Born and raised in Somalia, Abdulqafar Abdullahi’s life path was interesting, often exciting, but not always easy.
After high school, he won a scholarship to an Indian university, where he earned both a Bachelor’s degree in economics and a Master’s degree in business administration. He was on his way back to Somalia in 1990 when he stopped to visit his brother in Dubai and learned that the Somali government was about to fall.
“My brother was a businessman, so he invited me to open a branch of his business in Singapore,” Mr. Abdullahi recalls, “but the venture failed when Somalia collapsed.” He then moved to Thailand to teach a course at a university and apply to immigrate to Canada.
When Mr. Abdullahi arrived in Canada in 1992, the unemployment rate was high and many other educated immigrants were forced to take manual jobs. He resisted.
“Once you get in that cycle, it’s hard to get out. Instead, I enrolled in a government program that helps qualified immigrants get a job in their field of expertise,” he recalls. “I was lucky because I found people who helped me find the right placement within a company as an intern.”
The company was Pearson Canada, the largest publisher of textbooks and academic books in Canada. Mr. Abdullahi ended up working for the company for seven years, eventually becoming a regional sales and editorial representative—first in British Colombia and later in Northern and Eastern Ontario and Newfoundland.

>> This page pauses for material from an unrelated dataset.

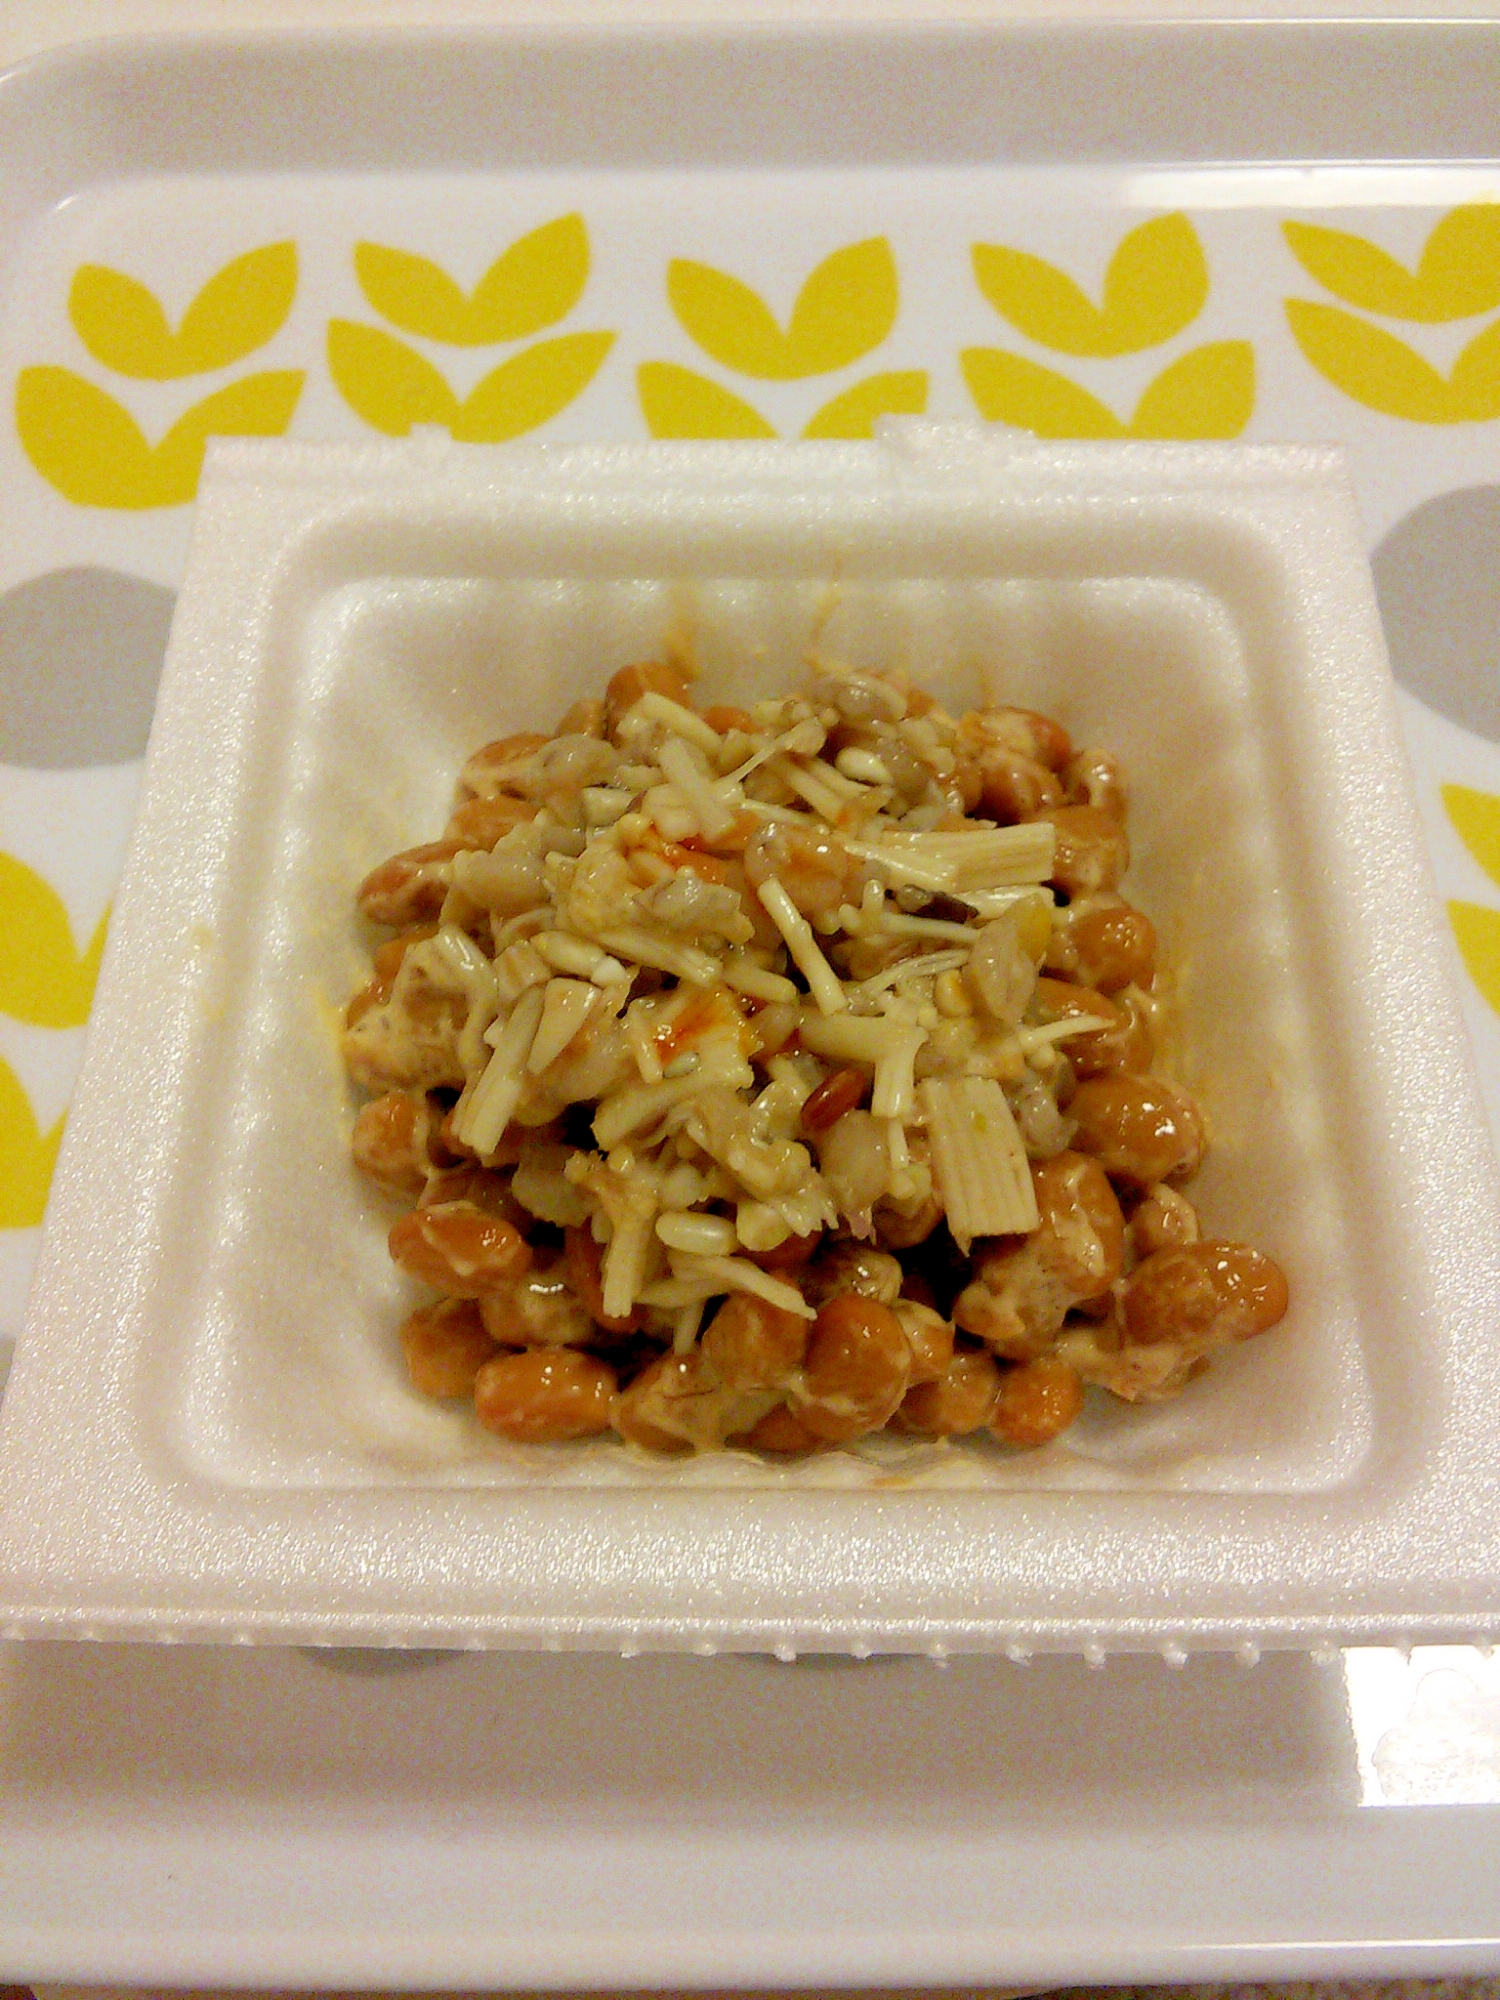 えのきとタマチャンショップの三十雑穀の中華風味納豆

“This gave me an opportunity to travel and discover the beauty of Canada and meet many wonderful people,” says Mr. Abdullahi. “Travelling to many institutions rekindled my love of learning and gave me the courage to go back to school, even though I would be among the oldest in my class.”
After enrolling in the Carleton Master’s degree program, he quickly moved into his field.
“I landed a job in the Department of Finance, the premier place for an economist, soon after graduation,” says Mr. Abdullahi, who also taught Economics at Algonquin College for 12 years. “I was lucky to have joined a network of Carleton alumni; in fact, the person who hired me was a Carleton graduate.”
In 2013, he took a leave of absence from the public service and joined the many ex-pats who were returning to Somalia to rebuild its institutions.
“No economist could resist the temptation to build a central bank from scratch, so I agreed to be the senior economic advisor to the governor of the Central Bank of Somalia,” he says. “But the country wasn’t ready and the situation was too dangerous, so many of us returned. Much of the Diaspora were left disappointed.”
Then a phone call came from the World Bank, offering him a job that allowed him to continue working on reconstituting Somalia’s economy.
“I’m leading the intergovernmental fiscal relations on behalf of the Bank and providing technical support on macro-fiscal issues to the federal and state governments,” he says. “We’re helping Somalia develop its own model of a federal system of government by sharing international experiences and lessons learned from other countries—including lessons I learned while working on Canada’s equalization program.”
Throughout his career Mr. Abdullahi says he was driven by his desire to help his family and his adopted and home countries. But he also attributes his success to hard work and luck, as well as the knowledge gained from his Master’s degree at Carleton.
Most of all, his drive is based on a very simple notion: that anything is possible, as long as you push yourself and have people who do the same for you along the way.